Tower Theta (qbj_fifthskip ) starts out normally enough, with a small arena battle, then two side-quests to get the silver and gold keys. But after that it gets weird. An elevator takes us high to the outside of a tower that, when we look down, is not attached to anything. The only way to progress is to jump down onto what looks for all the world like a rendering bug, and through a void in the sky to the area where the final combat takes place. I can’t decide if I like the audacity of it or dislike its clumsiness. Anyway: fun.
After a brief indoor opening 50 Shades Of Grey (qbj_iyago ) progresses to a Coagula-style outdoor arena with plenty of scope for long-range sniping, where the goal is to obtain the silver key. Behind the silver-key door is a completely separate Coagular-style area, geometrically arranged, in which enforcers and death-knights, plus the occasional scrag and vore, try to prevent you from opening the exist by touching two pillars. Each section is fine, but the map suffers a little from a lack of integration between them.
I had a really tough time with Voidcorp xpm lab 0016 (qbj_sewerh), but in a good way. I was often very low on ammo, several times very low on health, but almost always the difficulty felt fair. So in the end, it was deeply satisfying to complete the map, really feeling I’d achieved something. Yes, it’s disjointed, relying much too heavily on teleporters to get the player to the next bit, and that’s disappointing in part because most of them are quite unnecessary. But in the end what I will remember is the sense of being alone in a hostile base, and making it through against the odds.

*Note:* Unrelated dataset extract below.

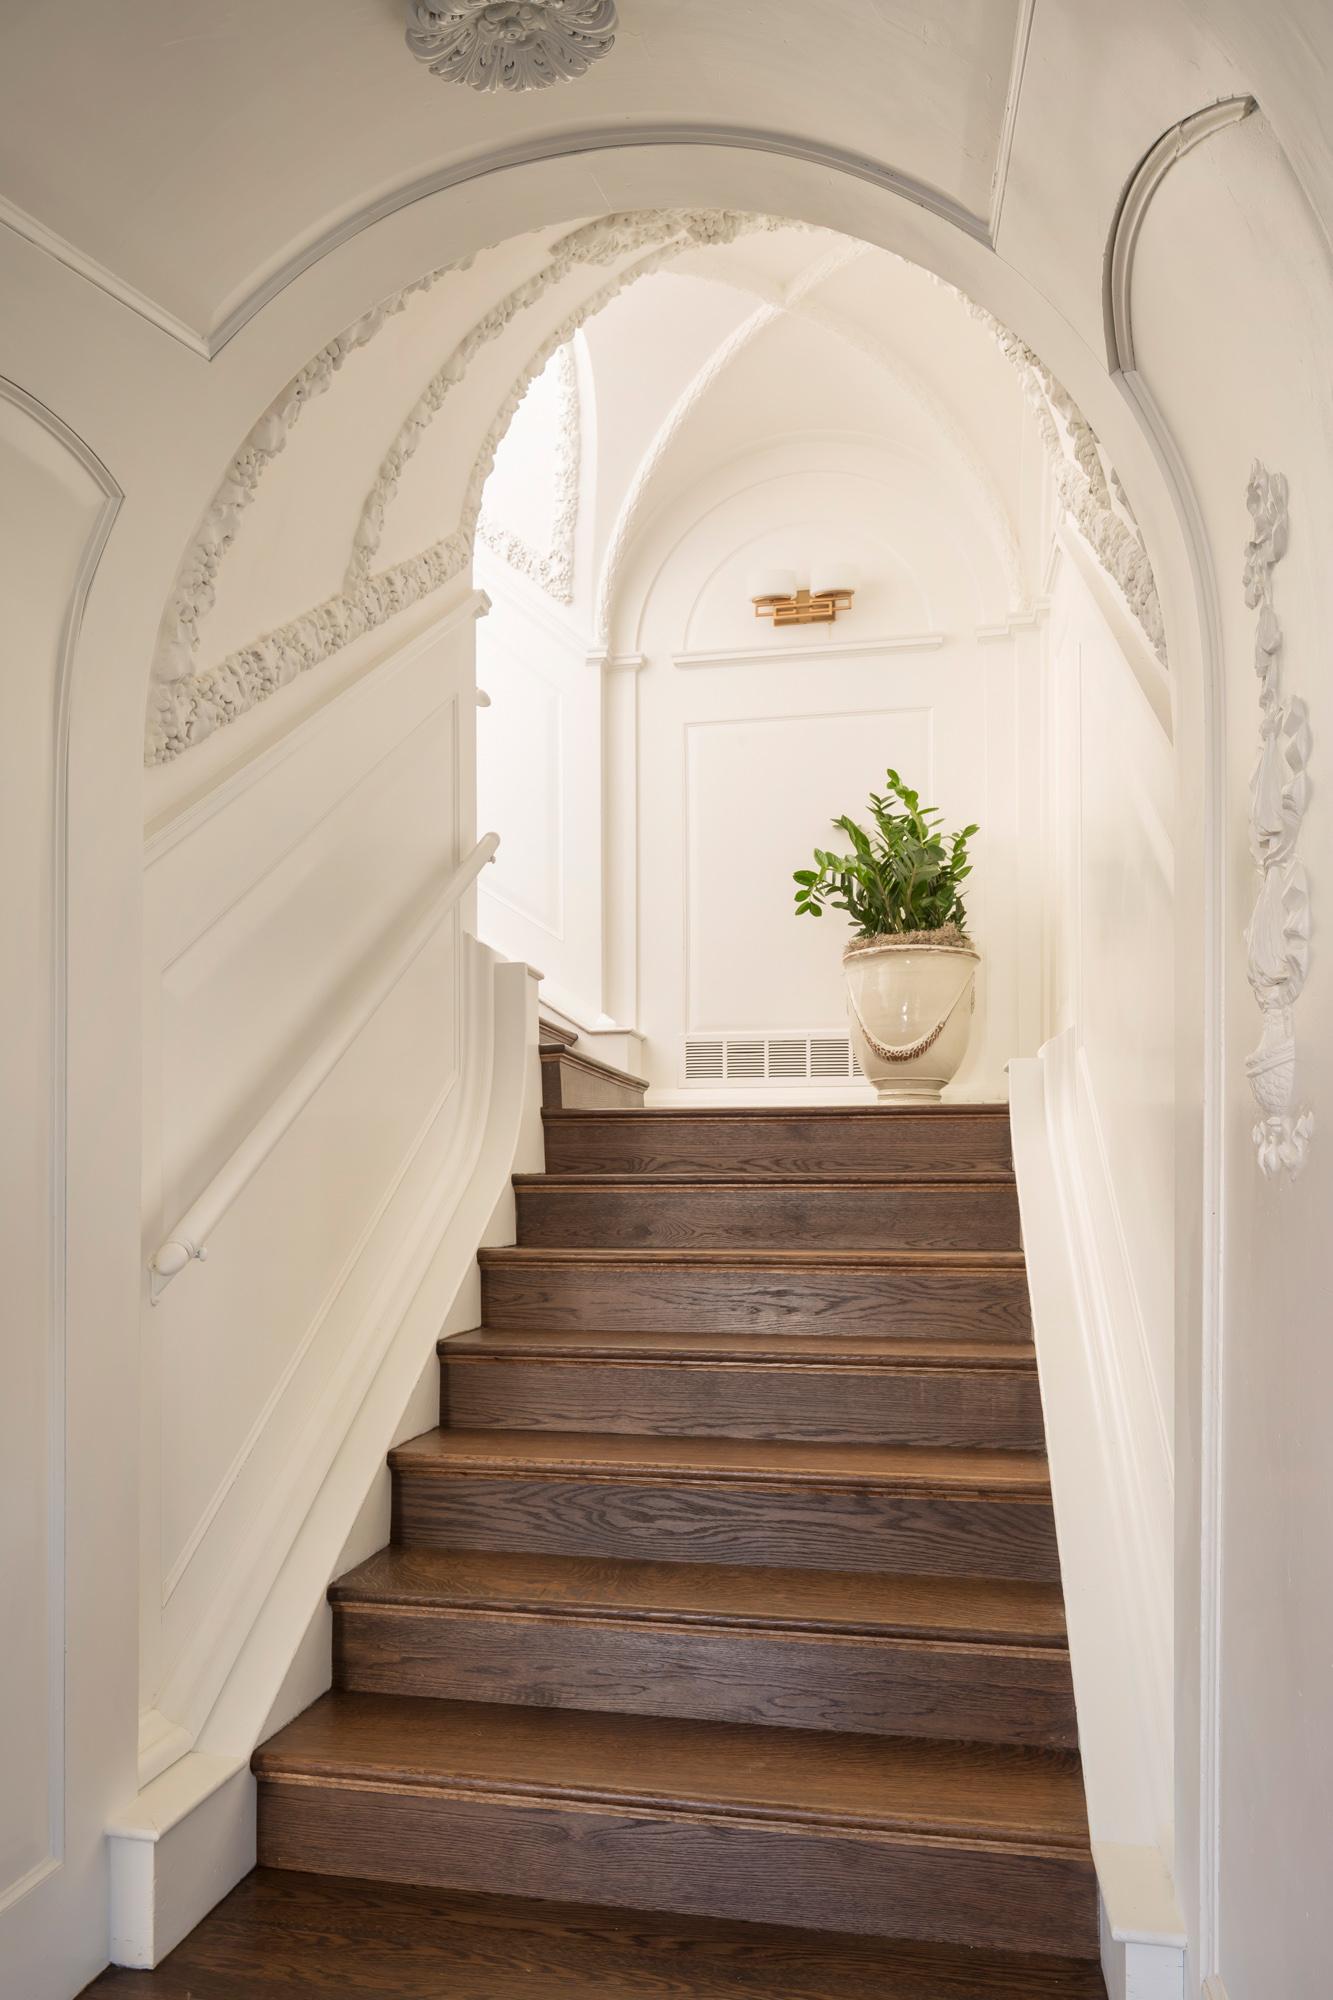 Entry_Stairway_1799.jpg

I found Organ Foundry (qbj_riktoi ) not just ludicrous but a depressing grind. Once you’ve made your way through an initial brief section of maybe 15 or so monsters, you fall into an area where six hundred (not a typo) dogs all attack you at once, and you try to use respawning nails, cells and quads to kill them. I made a couple of legitimate attempts before giving up and going to god mode. But even then the process of quad-nailing 600 dogs was tedious and joyless, and I felt nothing but relief when it was all over. And it was all over: after that, there is nothing more to the map.
It’s weird. I’ve really liked some of riktoi’s earlier maps. I guess this one is just not addressed to my condition.
Pratique Concrete (qbj_magnetbox ) makes absolutely no sense whatsoever, but is still a lot of fun. Arbitrary progression, unmotivated monster spawning, ugly textures, nonsensical elevators — I don’t care, it was an enjoyable challenge.
I gave Liminality (qbj_newhouse) a fair go — several of them in fact — but by the time I reached seven kills, I had already been teleport-ambushed by a bunch of fields and a load of enforcers, then portal-ambushed by a shambler, then out-of-the-dark ambushed by a group of death-knights, then again by another group. Then I pressed a button and another shambler teleported into the nearly-dark cramped area and … Well, I just realised I wasn’t having any fun, and I don’t have anything to prove to anyone. Hard pass.